Les activités en ligne permettent de revoir et retravailler les notions abordées en présentiel. Elles donnent la possibilité aux apprenants de renforcer leurs acquis, de s’exercer à nouveau grâce à des tâches complémentaires, ou encore de se rendre compte des savoirs non acquis qu’ils doivent donc revoir, ou pour lesquels l’enseignant doit fournir des explications complémentaires.

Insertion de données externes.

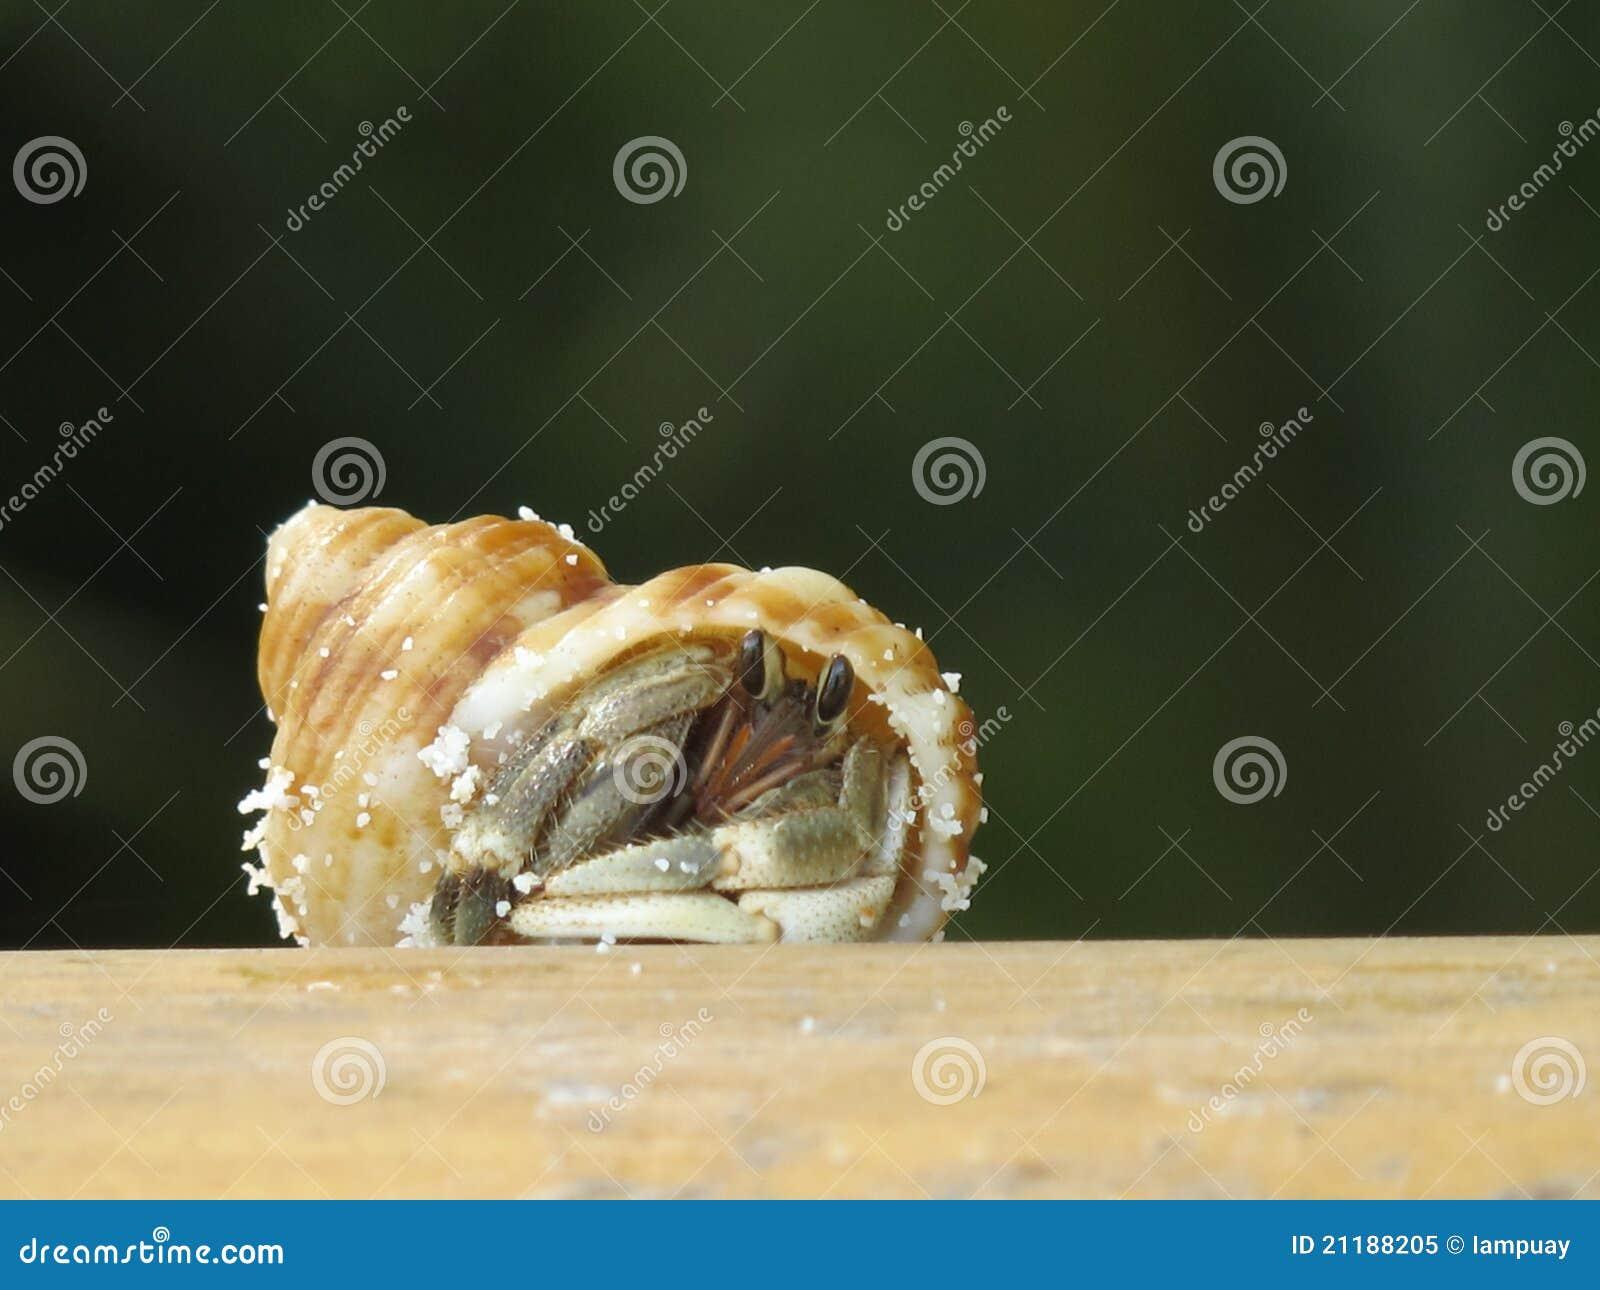 Hermit crab on wood

Par ailleurs, les ressources disponibles sur la plateforme doivent permettre d’augmenter sensiblement le temps d’exposition des apprenants à la langue cible. Il s’agit ici d’un aspect très important dans ce projet, puisque dans sa langue maternelle, un locuteur natif consacre 45% de son temps à des activités langagières de compréhension orale (Desmet & Héroguel, 2005). La compréhension orale est donc la compétence langagière la plus importante et sur laquelle l’accent doit être mis lors de l’apprentissage. Perrin (2000) insiste sur l’importante de la fréquence de ce contact avec la langue cible pour l’acquisition de compétences en langue étrangère :

[…] l'acquisition de la compétence langagière réelle est affaire de confrontation individuelle de l'apprenant, à dose suffisante, et suffisamment régulière, avec la langue qu'il désire maîtriser. Aucun enfant ne s'est jamais mis à parler sa langue maternelle sans passer par plusieurs milliers d'heures d'écoute active. Personne ne peut espérer bien parler une langue seconde sans se donner les moyens de bien la comprendre. Ce qui suppose que l’on « s'expose » personnellement, en situation de réception attentive, au discours authentique et suivi de nombreux locuteurs de la langue-cible.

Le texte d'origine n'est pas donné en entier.